Energy in Malta describes energy production, consumption and import in Malta. Malta has no domestic resource of fossil fuels and no gas distribution network, and relies overwhelmingly on imports of fossil fuels and electricity to cover its energy needs. Since 2015, the Malta–Sicily interconnector allows Malta to be connected to the European power grid and import a significant share of its electricity.

At 4.9%, Malta had the lowest share of renewables as part of gross inland energy consumption in the EU in 2017.

The specific needs of Malta as an island state with regard to energy policy are recognised in EU law. In particular, Malta has unique automatic derogations from Articles 9 (unbundling of transmission systems and transmission system operators), 26 (unbundling of distribution system operators), 32 (third-party access) and 33 (market opening and reciprocity) of the Electricity Directive 2009/72/EC.

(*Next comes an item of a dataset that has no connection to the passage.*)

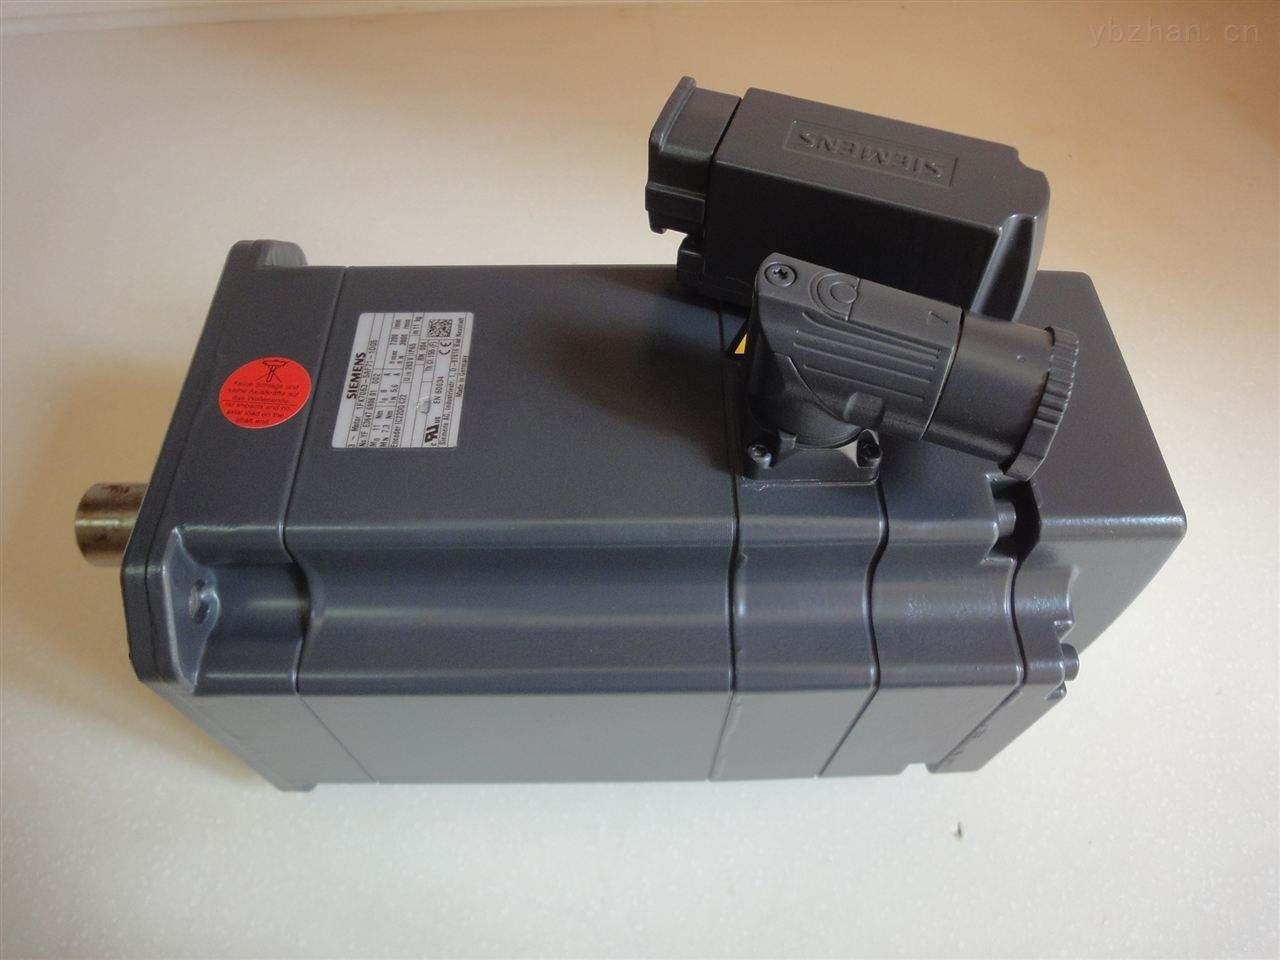 合肥西门子810D系统钻床伺服电机维修公司-当天检测提供维修

The energy intensity of Malta was 85.3 kg of oil equivalent per €1,000 of GDP 2017, which is relatively low compared to other EU countries.

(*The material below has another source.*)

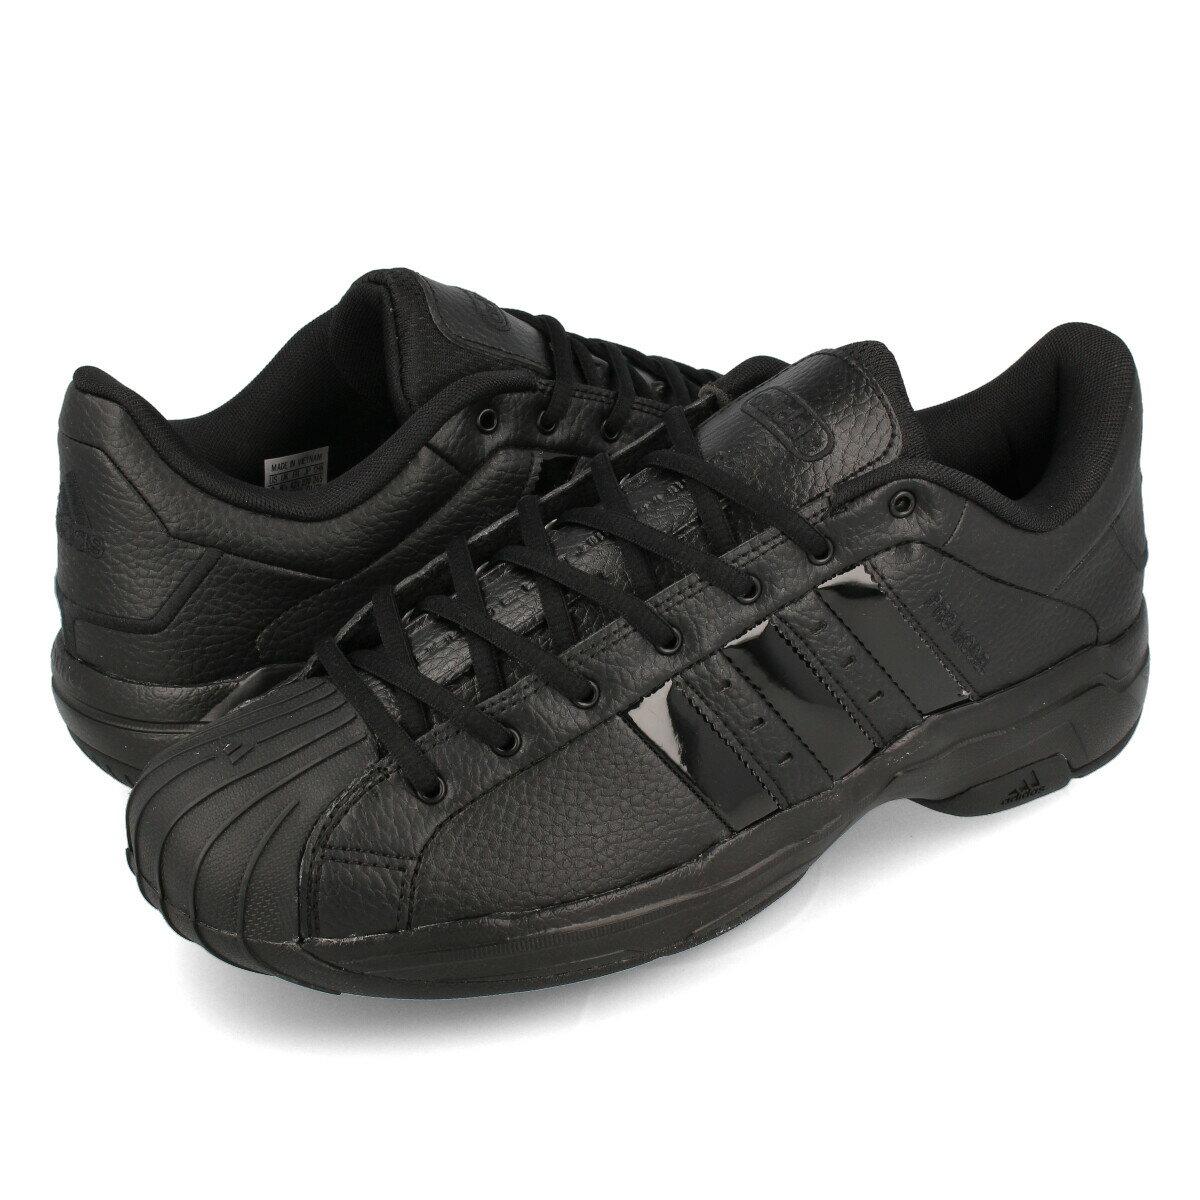 メンズ靴, スニーカー adidas PRO MODEL 2G LOW 2G CORE BLACKCORE BLACKCORE BLACK fx7100

Final energy consumption was 495 ktoe in 2017. Transport accounted for the largest share of this final energy consumption, at 209 ktoe, followed by services at 126 ktoe, households at 94 ktoe and industry at 57 ktoe.

Malta has a high proportion of petrol to diesel cars and a limited number of alternative fuel vehicles. In 2017, 68% of passenger cars were petrol cars, 32% diesel and 0.47% powered by alternative fuels.

Energy Overview Malta
|  | 2010 | 2011 | 2012 | 2013 | 2014 | 2015 | 2016 | 2017 |
| Gross Electricity Production (GWh) | 2.113 | 2.169 | 2.268 | 2.216 | 2.170 | 1.203 | 723 | 1.479 |
| Final Energy Consumption (ktoe) | 401 | 338 | 407 | 421 | 435 | 459 | 460 | 495 |
| Share of fossil fuels in gross available energy (%) | 99.8 | N/A |  |  |  | 95.2 | 93.7 | 96.1 |
| Overall Import Dependency (%) | 99.0 | 97.3 | 101.1 | 102.9 |

== Energy generation ==
As of 2017, most of the electricity generated in Malta was from natural gas, with oil as a backup. Natural gas has only been used for generation on Malta since CCGT systems were installed at Delimara Power Station in 2015, before which oil was the main fuel used. Oil has been the primary fuel for electricity generation for many decades before 2015, although Malta also possessed coal generation capacity from 1980 until 1996. Renewable energies have a small but growing share of the electricity generation mix.

Malta has four electricity plants operational and the total combined nominal installed capacity is 537.8 MW. The Malta–Sicily Interconnector, which has been in operation since April 2015, allows for an electricity link between the Maltese Islands and the Italian electricity market has bidirectional flow capacity of 200 MW. This is said to have increased Malta's energy security and supply flexibility.

Malta has some of the lowest household electricity prices in the EU. In 2018, the average household electricity price was 0.1306 EUR/kWh, only higher than those in Hungary, Lithuania and Bulgaria.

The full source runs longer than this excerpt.